On October 13, Frieze 2021 opened its first in-person edition since 2019, welcoming a crowd of (more or less diligently) masked — and nonetheless very excited — VIP collectors and art professionals. Regents Park, sprinkled with large sculptures as part of the fair’s program, felt lavish again, as visitors made their way between the two huge, bright white pavilions hosting Frieze London and Frieze Masters.

The atmosphere was particularly dazzling at Frieze London, where things felt more like “business as usual.” One gallerist at Frieze London, showing confidence in the market while seemingly inverting the growing tendency for advance sales, confided that “of the artists we are representing at the fair, we decided to only pre-sell the works on paper before the show, while keeping the oils available for Frieze week.”

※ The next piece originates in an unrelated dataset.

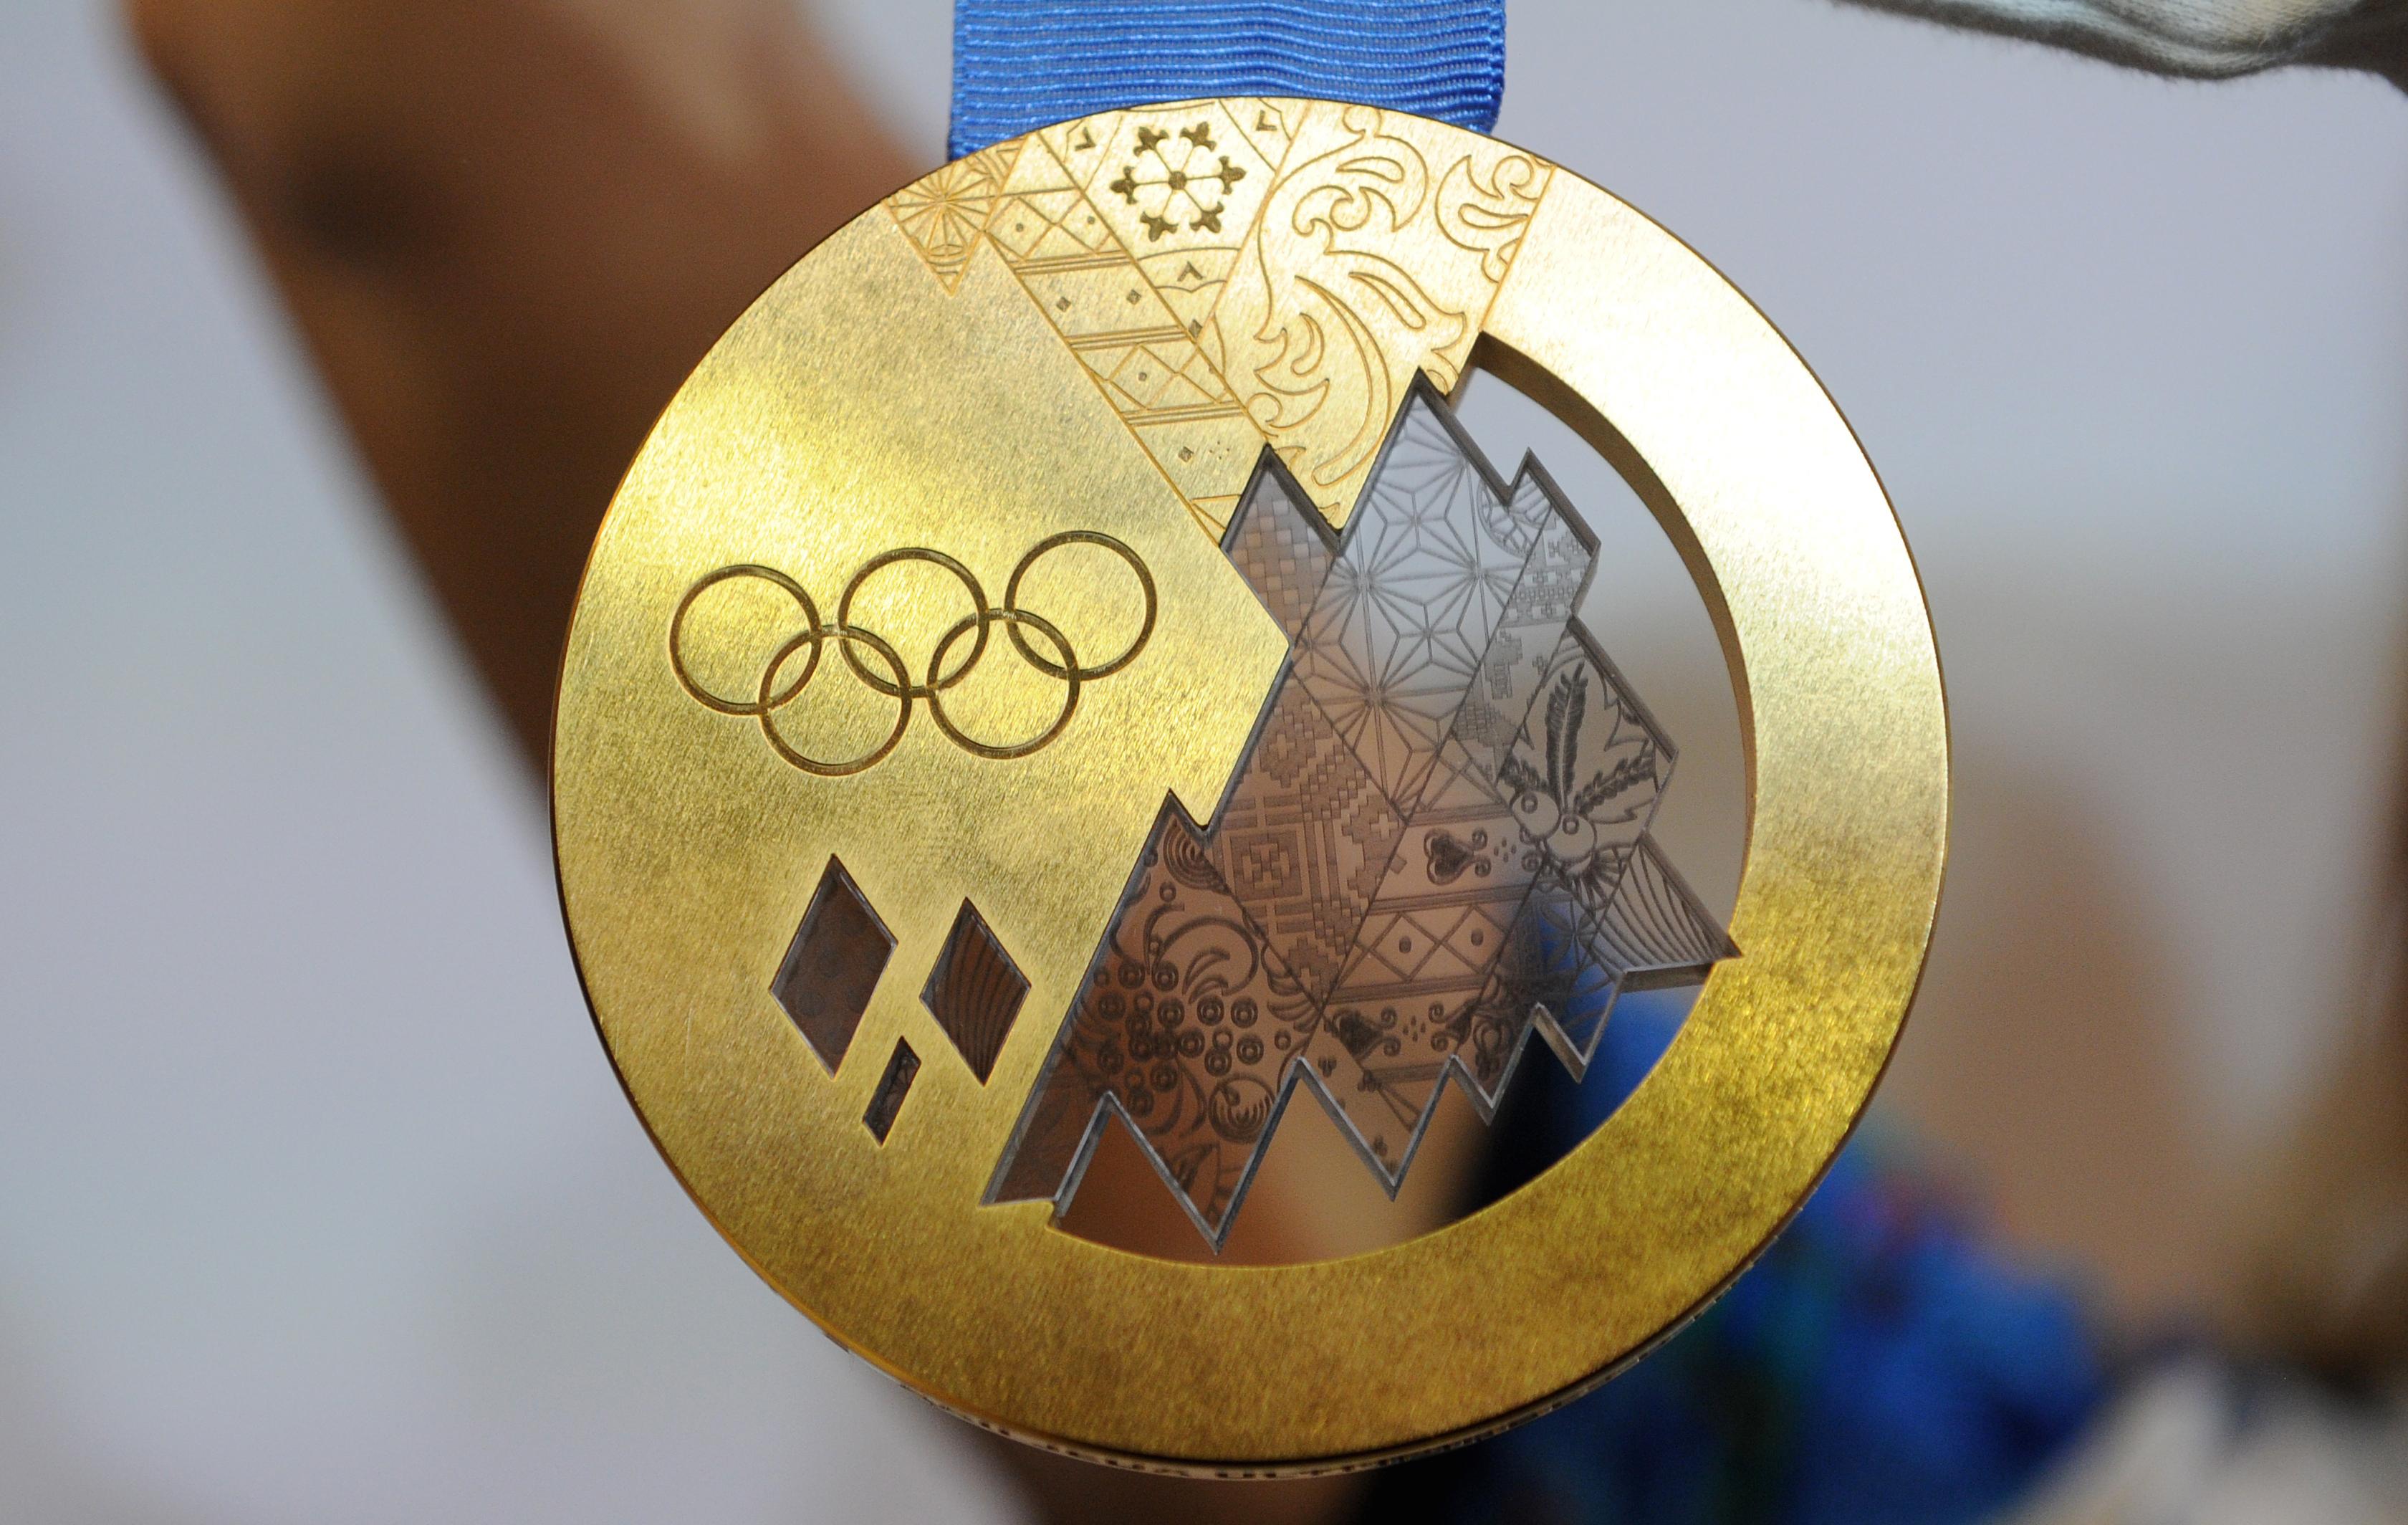 la france vise un record de 15 m dailles sotchi 2014 jeux olympiques. Black Bedroom Furniture Sets. Home Design Ideas

Meanwhile, the general consensus at Frieze Masters was that, this year, the pace was made even slower than usual by two factors: the strictly timed ticketing system introduced as a crowd control measure; and the thin attendance of collectors from America and Asia.

The character of the fair certainly reflected the current zeitgeist of diversity and inclusivity, highlighted by the success of a popular Frieze Week satellite event for collectors and their advisers: the 1-54 Contemporary African Art Fair, a leading international art fair dedicated to Africa’s fifty-four countries and its global diaspora. As its name suggests, 1-54 strives to promote vibrant and dynamic contemporary art from a diverse set of African perspectives.

At Frieze Masters, the celebrated Spotlight section, curated by Laura Hoptman (executive director of The Drawing Center, New York), featured solo presentations of rarely seen works by overlooked modern masters, thus championing a diverse group of artists. A few booths away, art-market power dealers Lévy-Gorvy dedicated their exhibition to the friendship of African-American artists Carrie Mae Weems (b. 1953) and Terry Adkins (1953–2014).

Meanwhile in Mayfair, major contemporary art sales were held by Christie’s, Sotheby’s, and Phillips, with encouraging results and some wow moments. Sotheby’s made a stir when it sold Banksy’s Love Is in the Bin for a record price of £18.6m, which had partially self-shredded when it last appeared in the same room three years ago. A day later, Christie’s sold the first non-fungible token to come to auction in Europe — only minted in September 2021— for just shy of one million pounds to a bidder in the room, where 90% of the lots found a buyer.

London Frieze week also offered Sotheby’s and Christie’s a perfect platform for the European unveiling of the magnificent properties that the two houses will soon be selling in New York.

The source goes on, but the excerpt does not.